The ultimate purpose of this browser traffic redirection is unclear, although it goes without saying that such capability can be abused to tamper with browser traffic at the packet level.

The RedDriver infection chain begins with the execution of a binary named “DnfClientShell32.exe”, which, in turn, initiates encrypted communication with a command-and-control (C2) server to download the malicious driver.

Neil said, “We did not observe the delivery of the initial file, but it is quite possible that the file was packaged to disguise itself as a game file, and hosted on a malicious download link.” “The victim probably thought they were downloading a file from a legitimate source and ran the executable. ‘DNFClient’ is the name of a file belonging to ‘Dungeon Fighter Online’ which is a hugely popular game in China and is commonly known as It’s called ‘DNF’.

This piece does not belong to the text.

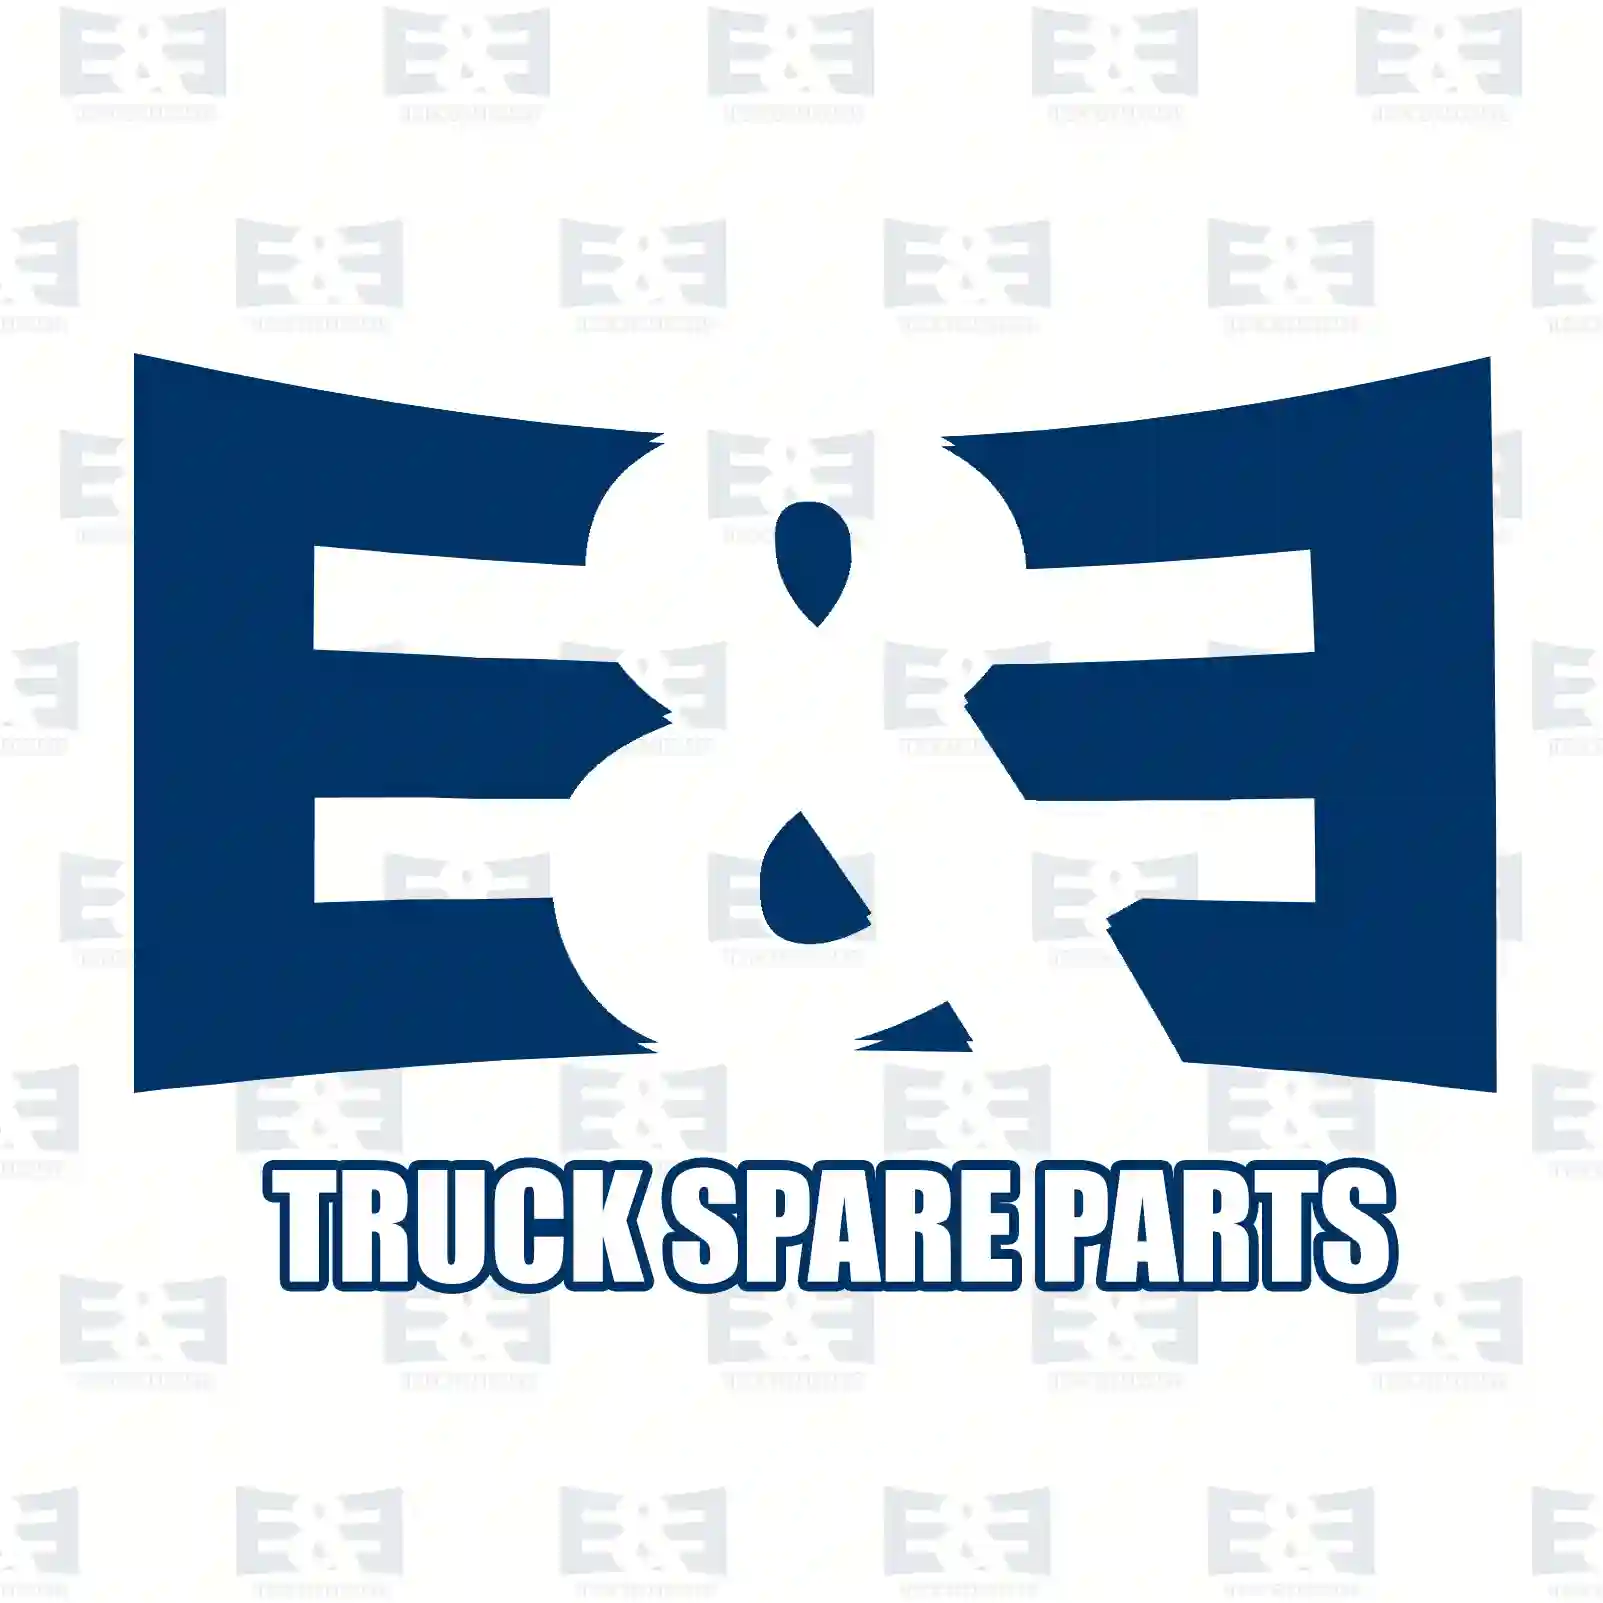 Repair kit, feed pump, 2E2286057, 0000910840S1, 1391897S, 1391897S1, 3094599S1, ZG10499-0008 ||  2E2286057 E&E Truck Spare Parts | Truck Spare Parts, Auotomotive Spare Parts Repair kit, feed pump, 2E2286057, 0000910840S1, 1391897S, 1391897S1, 3094599S1, ZG10499-0008 ||  2E2286057 E&E Truck Spare Parts | Truck Spare Parts, Auotomotive Spare Parts

“The RedDriver was likely developed by highly skilled threat actors because the learning curve for developing malicious drivers is steep,” Cisco Talos said. “While the threat appears to target native Chinese speakers, the authors are likely Chinese speakers as well.”

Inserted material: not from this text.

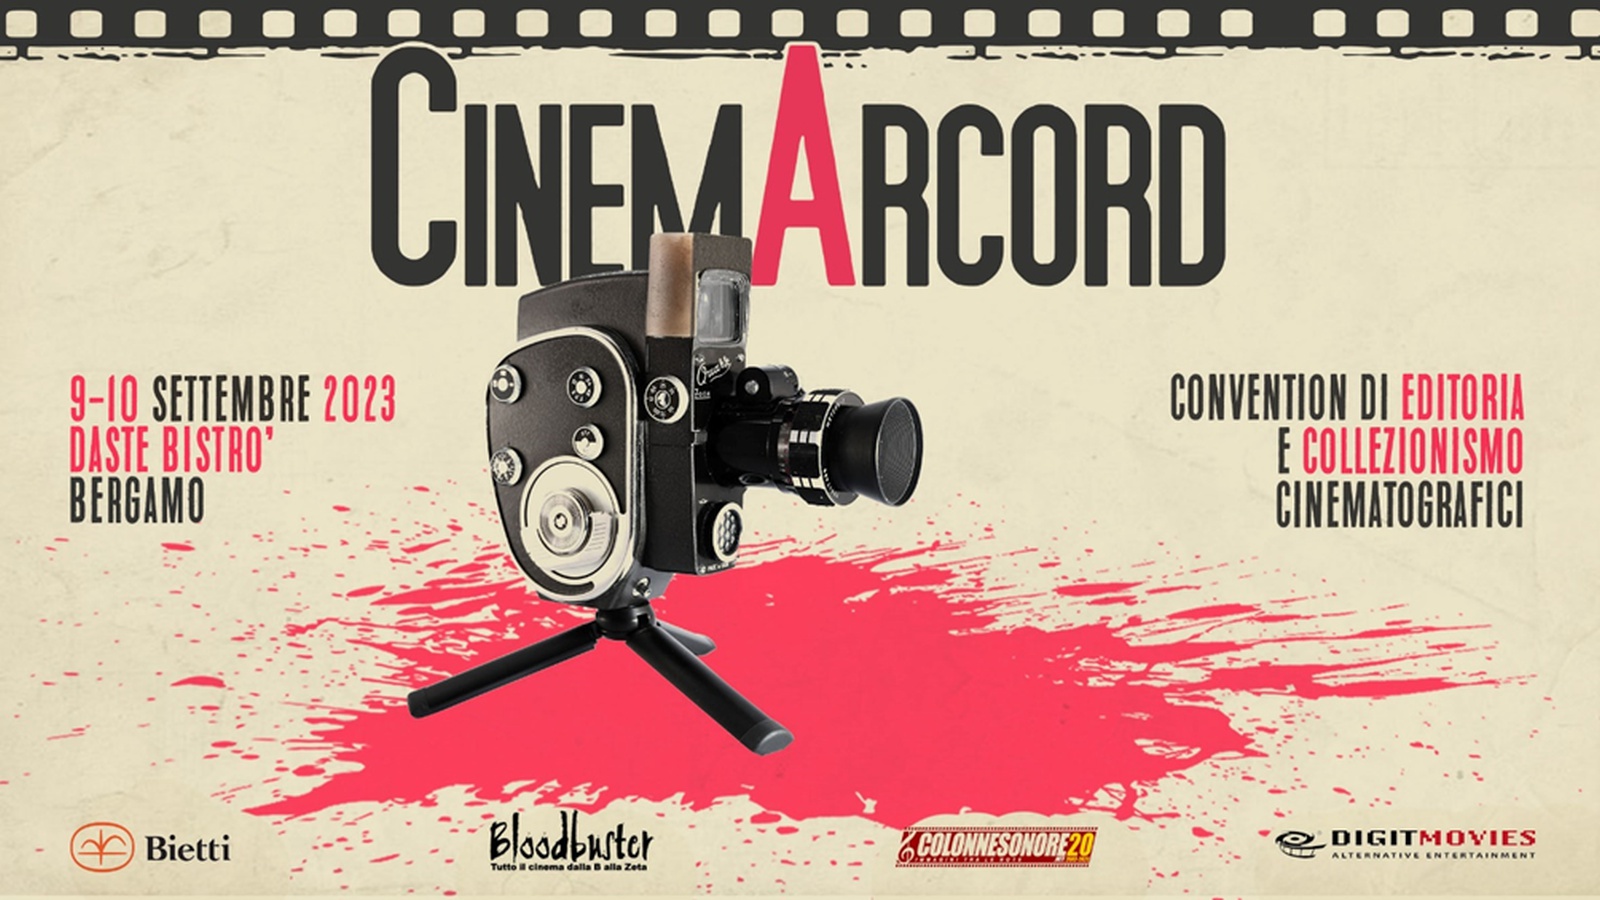 CinemArcord 2023: il programma della  convention di editoria e collezionismo di Bergamo

“The authors also demonstrated familiarity or experience with the software development lifecycle, another skill set that requires previous development experience.”

The development comes as Sophos said it found more than 100 malicious kernel drivers that were signed by Microsoft and other companies, some dating back to April, and either prevent security software from running as designed Were or capable of acting as a stealth rootkit. Monitoring network traffic using WFP.

“It appears that the creator of the malicious driver created a ‘parent’ version of the driver, then ran the parent version through one or more packer utilities one or more times, in some cases creating dozens of ‘child’ variants, of which All “manufacturers can submit to Microsoft for signature,” said Andrew Brandt, researcher at Sophos.

“There are a lot of advantages for threat actors to deploy drivers in their infection chain, although they are much more difficult to develop than user-mode malware,” Neil said. “The drivers for EDR are hard to detect and difficult to analyze, especially if any obfuscation is employed.”